Torres v. State, 241 So. 3d 201 (2018)

April 4, 2018 · District Court of Appeal of Florida, Fourth District · No. 4D17–1364
241 So. 3d 201

Agustin TORRES, Appellant,
v.
STATE of Florida DEPARTMENT OF REVENUE, CHILD SUPPORT PROGRAM and Viviana Torres, Appellees.

No. 4D17-1364

District Court of Appeal of Florida, Fourth District.

[April 4, 2018]

Tracy Belinda Newmark and Natalie Suzanne Kay of Kelley Kronenberg, Plantation, for appellant.

Pamela Jo Bondi, Attorney General and Toni C. Bernstein, Senior Assistant Attorney General, Tallahassee, for appellees.

May, J.

The father challenges a final administrative support order. He argues among other issues that the retroactive child support was inaccurately calculated, and he is entitled to a $200 credit. We agree with him on the $200 credit and reverse in part.

The mother applied for child support services and submitted a financial affidavit and parental information form. The Department of Revenue Child Support Program ("DOR") served the father with a notice of proceeding to establish an administrative support order, and enclosed a financial affidavit and parent information form for the father to complete within 20 days. The father was instructed to submit written proof if he had already provided support for his children.

The father failed to submit either form or any other information.1 The DOR then sent the father a proposed administrative order and enclosed the child support guidelines worksheet and the mother's financial affidavit. The proposed order informed the father of the projected child support obligations, including retroactive support. The DOR advised the father that he could request a hearing or contact the DOR informally if he disagreed with the proposed order.

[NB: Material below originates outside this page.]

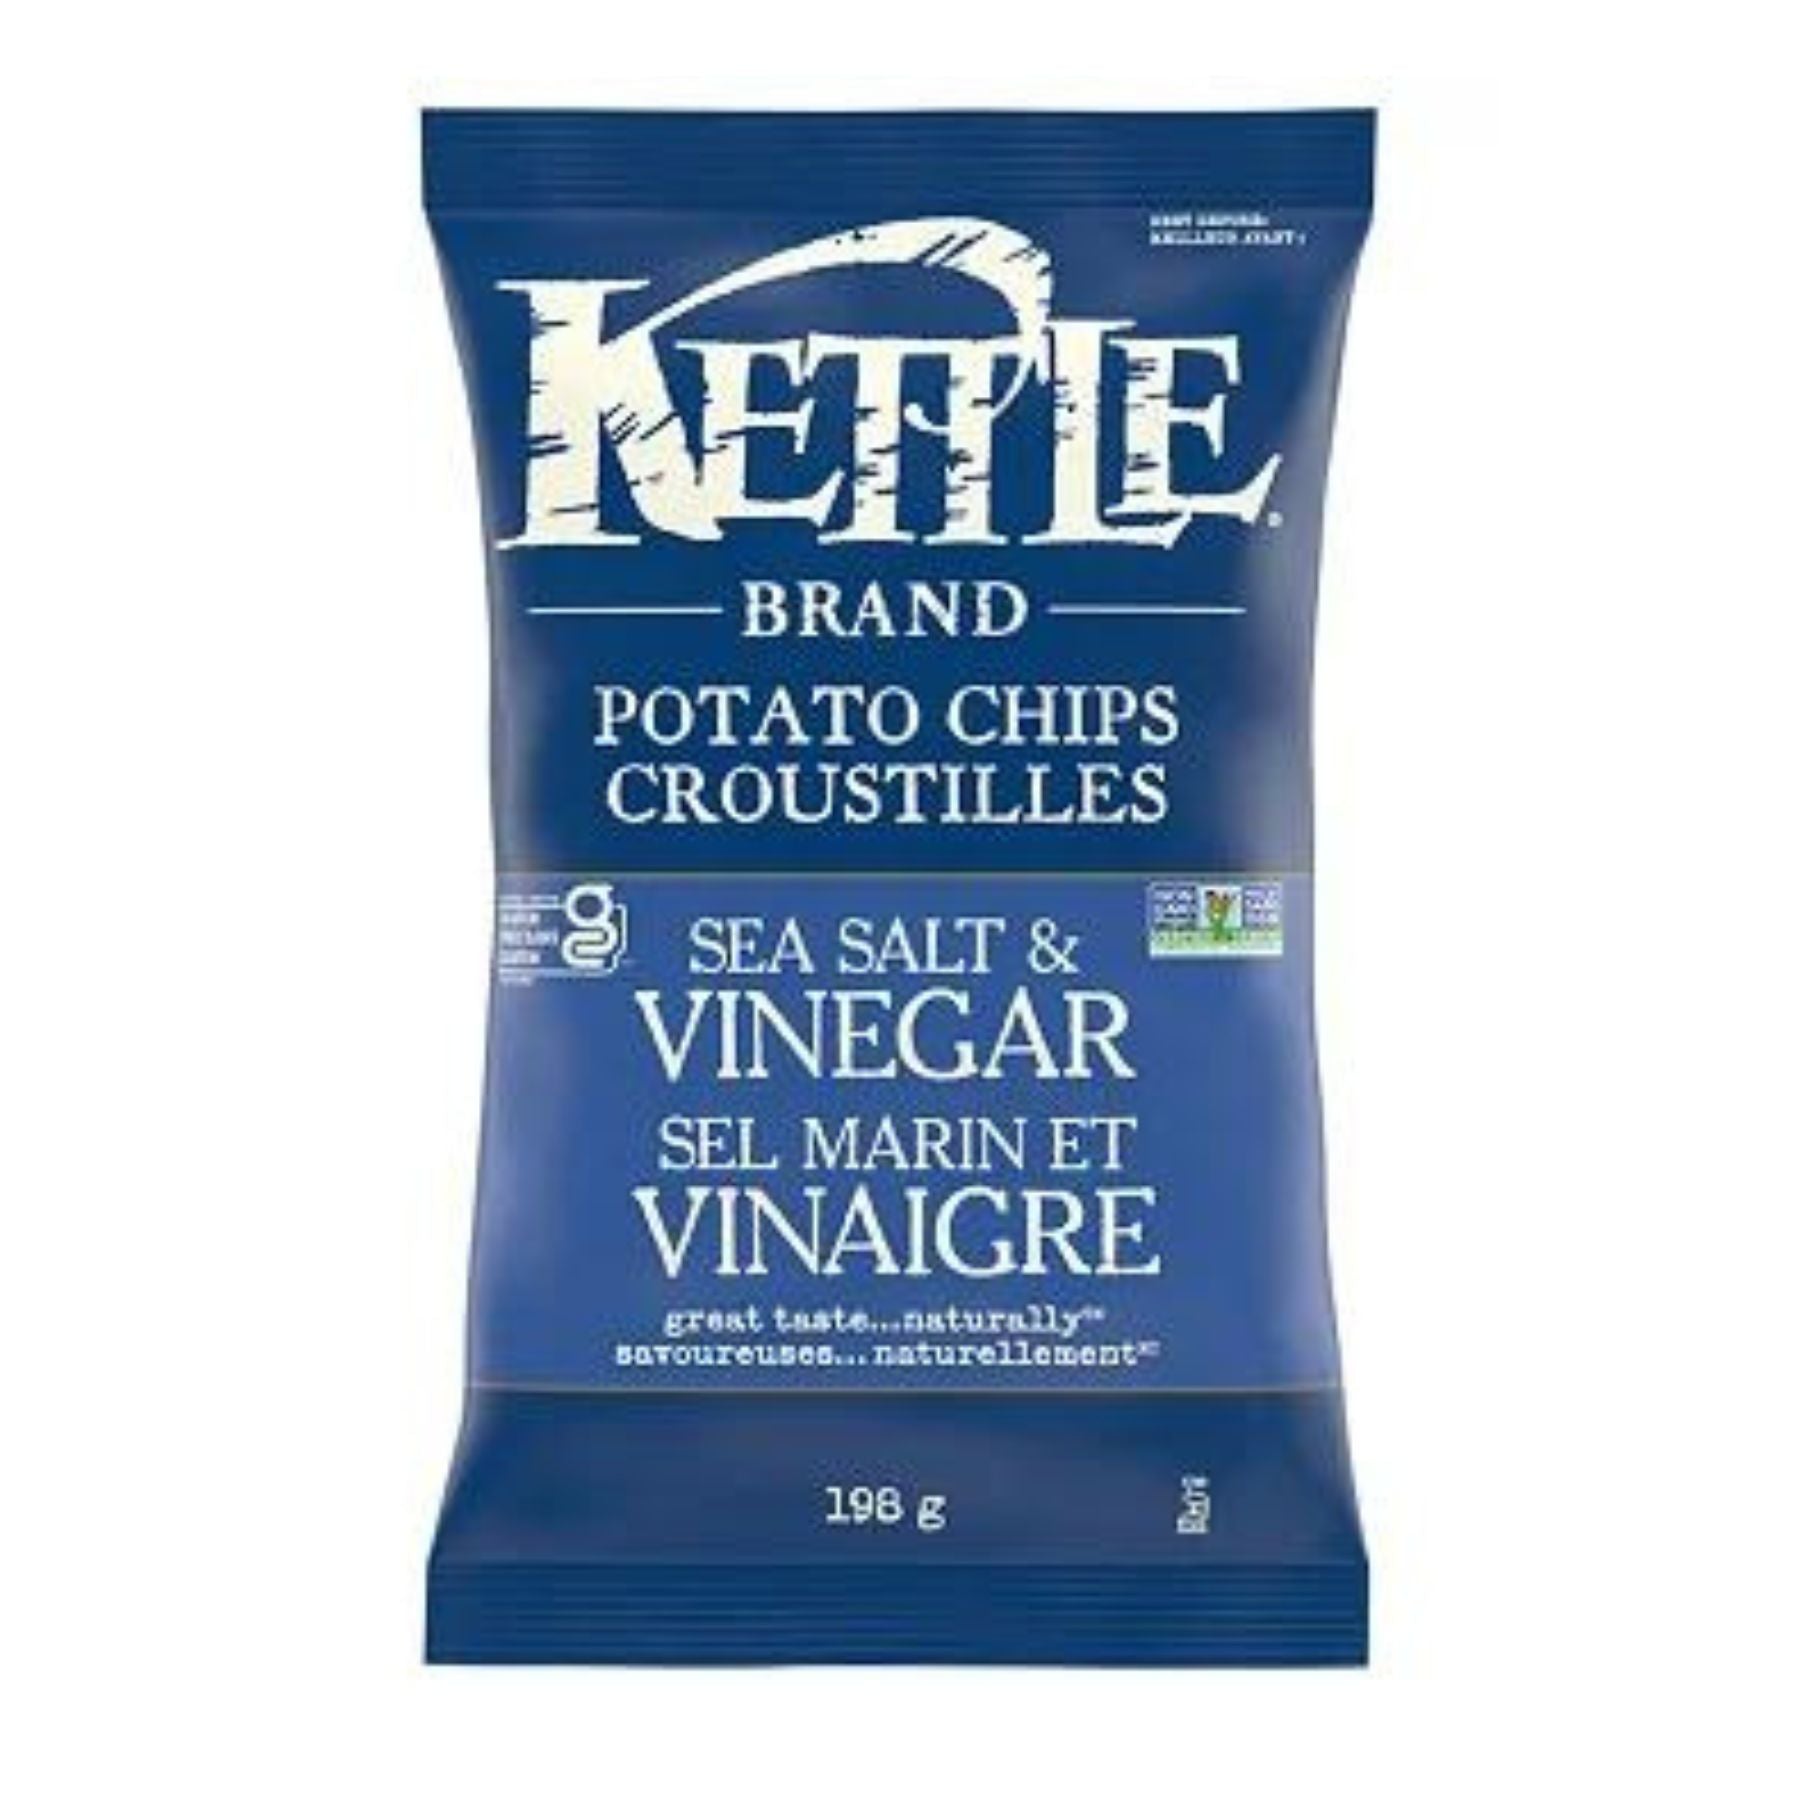 Kettle Potato Chips Sea Salt & Vinegar 198g

Once again, the father neither objected to the proposed order nor requested an administrative hearing. He did not provide any new information to the DOR. This led to the entry of the final administrative support order.

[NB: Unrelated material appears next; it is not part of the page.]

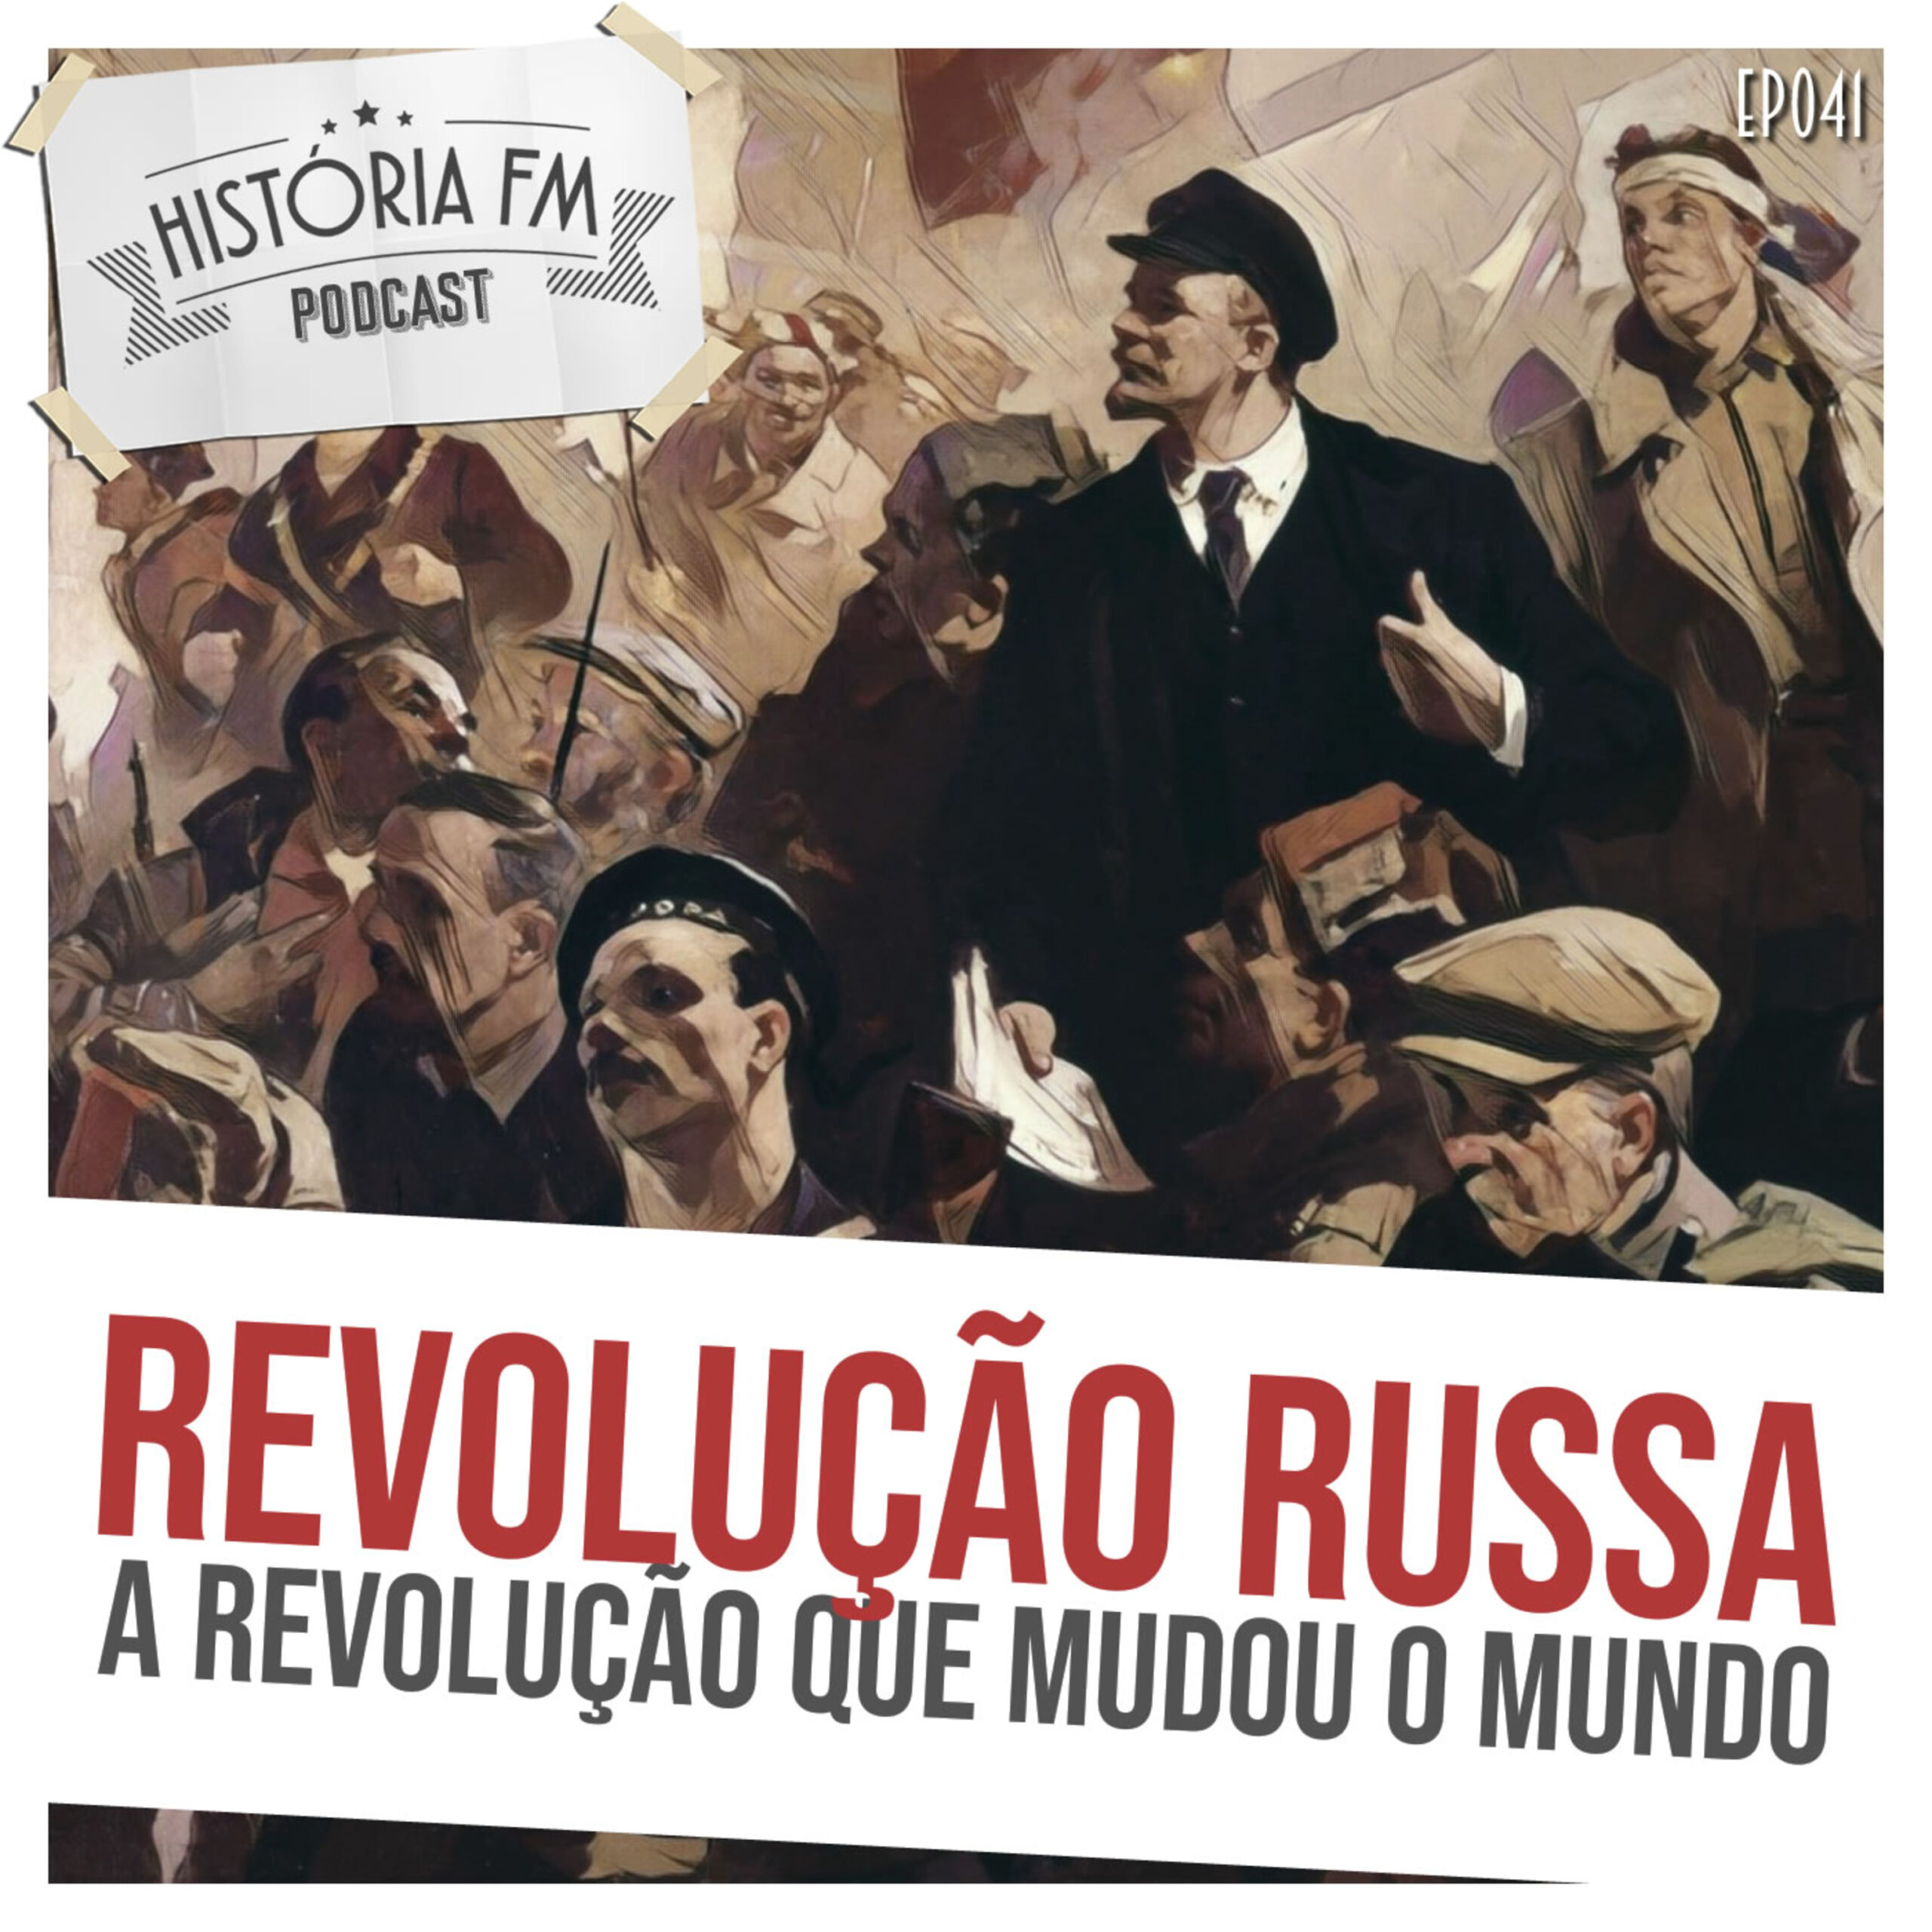 Revolução Russa: a revolução que mudou o mundo

The final order contained the following findings of fact and conclusions of law:

• the father failed to timely request an administrative hearing;
• the father's actual net monthly income was 82% of the combined parental net income;
• the mother was imputed an income equal to full time employment at federal minimum wage because there was a lack of sufficient, reliable information concerning her actual earnings;
• the total monthly child support need;
• the father's share of the monthly child support;
• the father had to pay retroactive support for 28 months; and
• the father's total monthly payment.

From this order, the father now appeals.

In his third issue, the father argues he paid the mother directly during the retroactive period and never received a credit. And, he argues the retroactive period itself was miscalculated as a matter of law. The DOR answers that the father *203waived these arguments; but if the arguments are not waived, it agrees the father is entitled to a $200 credit.

We review retroactive child support awards for an abuse of discretion. Henry v. Henry , 191 So.3d 995, 997 (Fla. 4th DCA 2016).

The father claims he cannot determine whether he received a credit for actual payments made to the mother. But, the record reflects the mother received a $200 payment during the retroactive period. The proposed order fails to reflect that credit.

While not conceding its waiver argument, the DOR admits the father should receive a $200 credit. We agree. We therefore reverse and remand the case only for the father to receive the $200 credit toward retroactive child support.

We find the other issues either waived or without merit.

Affirmed in part; reversed in part and remanded.

Gerber, C.J., and Damoorgian, J., concur.